Бол подтвердил слова учителя, от себя прибавив еще две недели.

— О боже! — воскликнул ошеломленный доктор. — Ведь вы таким манером изведете и себя и нас.

— Когда вы лечите больного, ограничиваете себя временем?

— Как вам сказать?.. В общем-то нет. Ибо болезнь сама не всегда уверена в своем течении.

Рембрандт поставил небольшой холст на мольберт.

— Так вот, господин де Витте, — сказал он, думая совсем о другом, — это мое занятие тоже вроде болезни.

— Любопытно, — произнес доктор, шаря взглядом по стенам.

— Я попрошу вас сесть на ту скамью, облокотиться обеими руками на стол и смотреть на эту вазу. Вообразите, что перед вами труп. А труп лежит на анатомическом столе.

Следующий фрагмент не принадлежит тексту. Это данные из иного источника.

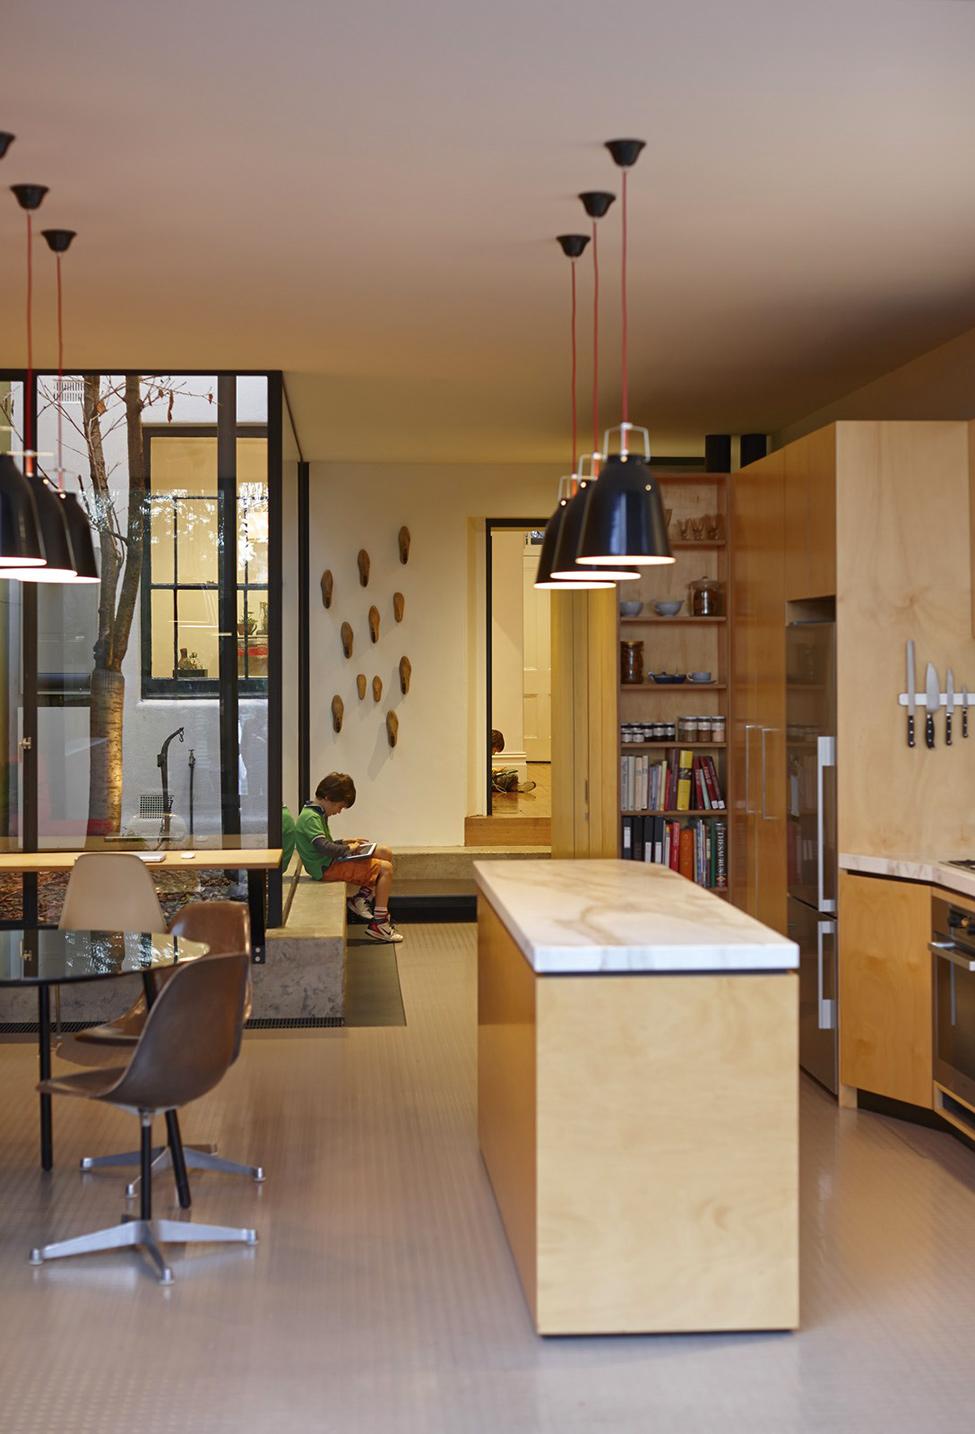 renovate classic to modern townhome australia (6)

— Надеть шляпу или без шляпы?

— Попробуем без шляпы, — сказал Рембрандт и взял палитру из рук Бола. — Свет никуда не годится. Но попробуем и так… Господин де Витте, я прошу вас чуть податься вперед. Всем корпусом.

И положил на полотно первый мазок. Чуть небрежно. Но в полную силу…

На следующий день доктор де Витте встретил в узком коридоре хирургической гильдии доктора Хартманса.

— Вас мне и нужно! — воскликнул он. — Вы, кажется, сегодня собираетесь позировать художнику?

Доктор Хартманс подтвердил, что, согласно уговору, он сегодня будет в мастерской ван Рейна.

— Поздравляю вас, Хартманс! Выпейте чего-нибудь покрепче, потому что предстоят трудные часы.

— Что так? — Доктор Хартманс улыбнулся, приготовившись услышать нечто из уст энергичного и всегда немного приподнятого де Витте.

— По-моему, мы здорово влипли.

— То есть? — Доктор Хартманс не понял, о чем речь.

— Значит, так: являюсь я собственной персоной к нашему мастеру и говорю, что я такой-то. Принимает очень учтиво, сажает на скамью и тут — начинается! — де Витте прижался к стене и захохотал. — То есть началось такое, что я даже за малой нуждой сходить не мог.

Доктор Хартманс чуточку озадачен, но никак не возьмет в толк, о чем все-таки речь и что так рассмешило доктора де Витте.

— Доктор де Витте, насколько понимаю, речь идет о сеансе…

— Вот-вот, именно! — и де Витте продолжал хохотать.

Волей-неволей и доктору Хартмансу пришлось переключиться на игривый лад.

— Надеюсь, — сказал он смеясь, — вы не опозорились?

— Кое-как удержался.

— А он?

— Кто он?

— Господин ван Рейн.

— Он был как зверь. Рычал у мольберта и рисовал.

— С чего это рычал? Он же не настоящий зверь.

— Нет, нет, настоящий! — Де Витте замахал руками. — По-моему, он натурально рычал. Он мазал, мазал кистью, пока не перемазал дюжину полотен. А может, две. И сказал, что в следующий раз мы продолжим. Я не стал спорить, бросился вон из дому, пока не лопнул мой мочевой пузырь. Вот ведь какие дела!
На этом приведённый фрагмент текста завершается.